Insurance Nightmare: Why We Need A Better System
by: janet battaile
Late last year, I learned two things at about the same time: My cancer was coming back, and I had gotten a new insurance plan. Since then, I’ve learned something else: It’s far easier to deal with my disease than with my new insurers.
I have multiple myeloma, a cancer of the bone marrow that’s incurable but treatable. I’ve kept it at bay by aggressively pursuing the most advanced treatments available. By the time I relapsed in December, I had multiple bone fractures, was in significant pain and trying to figure out what to do next. Insurance was the last thing on my mind. I made an appointment in the new year to see the doctors who know me best, the myeloma experts at the Mayo Clinic.
That was my first mistake. Mayo Clinic, it turns out, is not part of the network of UnitedHealthcare, one of the nation’s largest health insurers. UHC took over my coverage on Jan. 1 because the company I retired from, The New York Times, was looking to save money. UnitedHealthcare, it also turns out, does not have to pay for any treatment it hasn’t approved in advance. But I didn’t know that. So because I rushed off without notice to consult a doctor I’ve seen for the last decade, I can’t calculate what that might cost me.
Keeping your own doctor is one of the big concerns in the debate on overhauling the nation’s health care system, an effort that appears to be on life support as President Obama convenes a summit Thursday to try to patch together a bill that Republicans can sign on to. Another threat raised repeatedly by opponents of the Democrats’ plan is that it will create a nightmare system where government bureaucrats make all the decisions.
Bureaucrats? There are plenty of those in the private sector, too. But I should be so lucky to get one. All I get when I call UHC is the phone bank. Over the last month, I’ve called at least a dozen times and have never once talked to anyone who is actually reviewing my case or could make a decision about approving it. In fact, when I asked to speak with someone in the Clinical Coverage Department, I was told: “They don’t have a number.” Later, when I asked to speak with the person reviewing my case, the answer was, “She can only speak to the provider.”
What I want is to get into a clinical trial for an experimental drug called pomalidomide, the successor to Revlimid, the drug that put me in remission for the last three years.
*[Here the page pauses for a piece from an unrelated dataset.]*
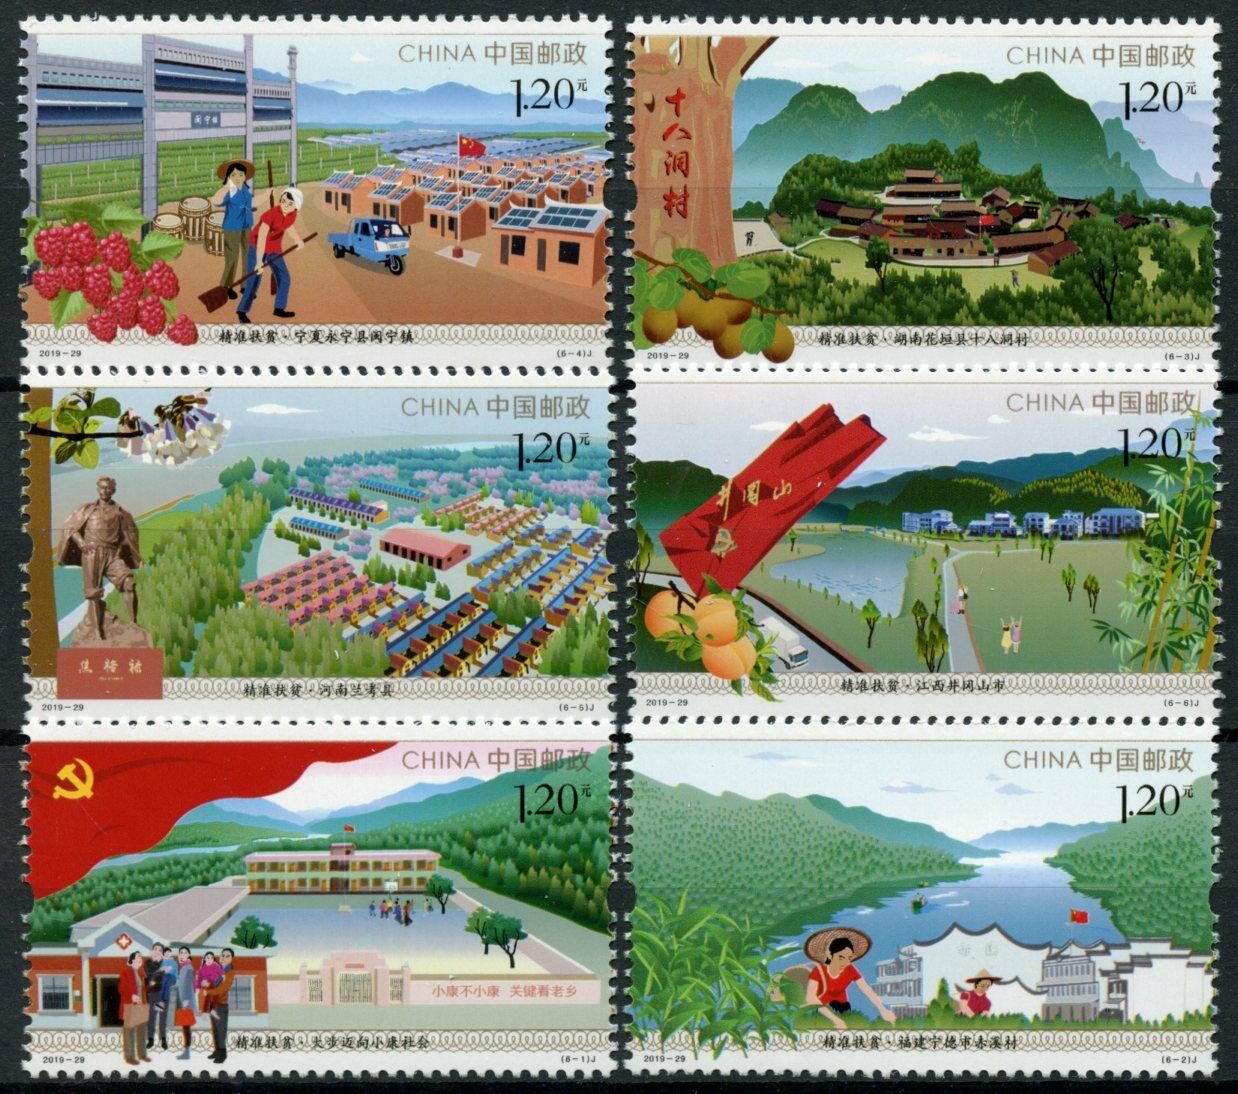 China Stamps 2019 MNH Alleviating Poverty Landscapes Flags Fruits Nature 6v Set
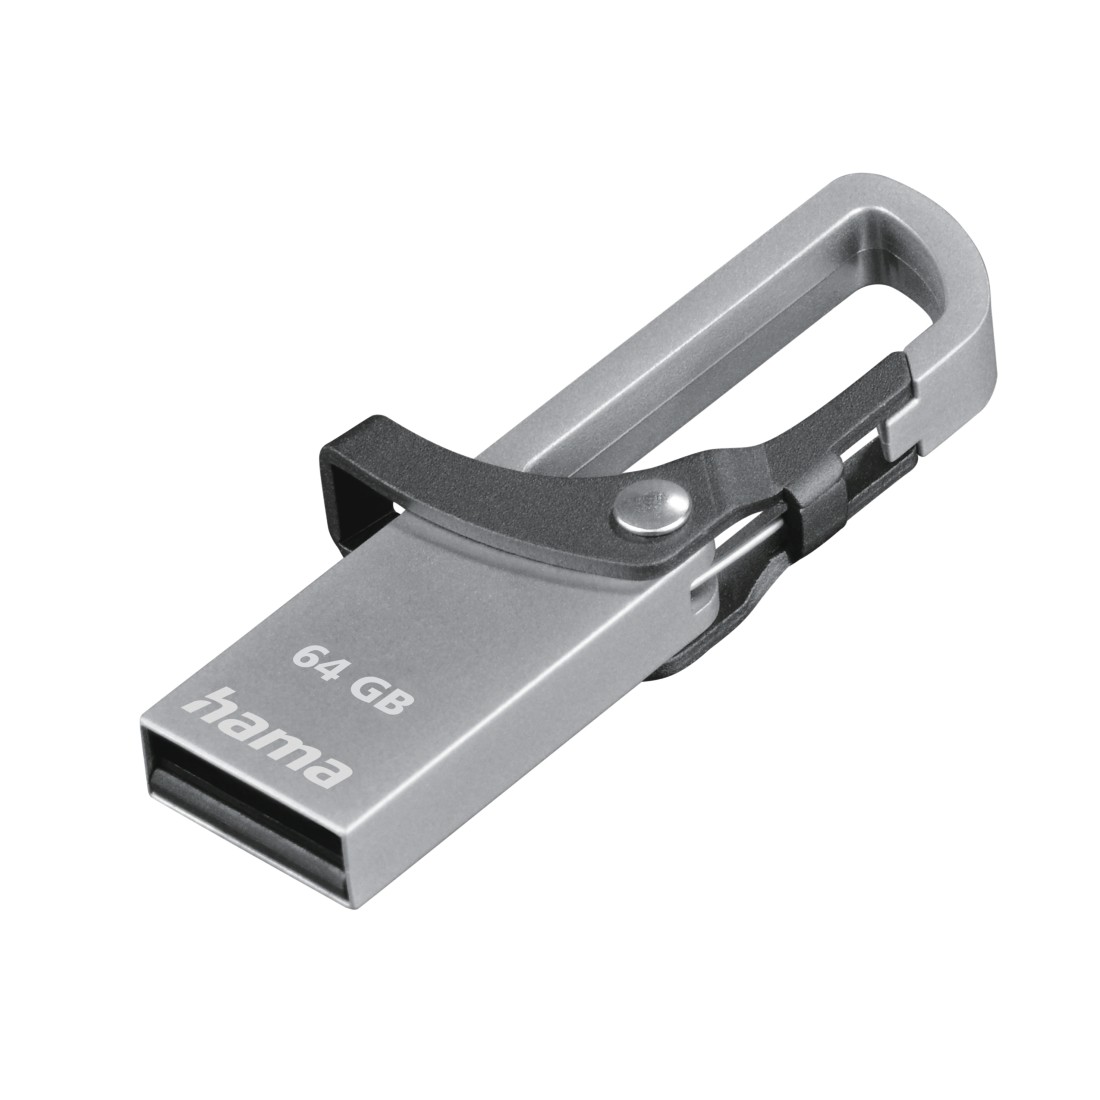 00123922 Hama "Hook-Style" USB Flash Drive, USB 2.0, 64 GB, 15 MB/s, grey

Doing so would not only save my life but actually save UHC money, as Celgene, the manufacturer, will supply the drug for free. Revlimid had cost my previous insurer $70,000 a year. The first drug Celgene marketed, thalidomide, was my initial treatment, in a clinical trial at the Mayo Clinic in 2000.
The pomalidomide trial would mean spending a month at Mayo headquarters in Rochester, Minn., or its branch in Phoenix. So when I returned from Rochester, I knew it was vital to get my insurance company on board. I called UHC to ask the obvious question: Are either of these hospitals in your network? Three people gave me three different answers. The first said Rochester is but Phoenix isn’t. The second said both are in network. The third said neither is in network. I said, Who am I supposed to believe?
That was only the beginning of the struggle to communicate with my new insurers. At one point, after three weeks of conversations, I was told that information about the trial that I’d given UHC had been deleted from the system. UHC wouldn’t take it because it came from an unauthorized doctor. It was then that I thought I might actually die from toxic insurance company stress syndrome (TICS) before the myeloma killed me!
Every UHC phone call begins with the same ordeal: Before you can talk to a human, you have to be screened by a computer. Are you calling as a health professional? (No.) OK, what’s the member ID you’re calling about? And what’s your date of birth? Now, do you want claims, benefits or something else? Benefits? Sure. What type? Medical, prescription drug, mental health or substance abuse?
It’s enough to drive you to substance abuse.
Once you get past the computer, you get a human, who asks many of the same questions. Each time, I patiently explain my situation. Usually I get transferred to someone else, where I start all over again. I never get to talk to the same person twice. And I can’t call back because no one will ever give me a direct number. “Just call the number on the back of the card” is the standard answer. In my myriad phone calls, I’ve been transferred to people in Customer Service, Cancer Resource Services, Care Coordination, Intake Coordination and Clinical Coverage. The last person I spoke with didn’t even know what a clinical trial was. I freaked out.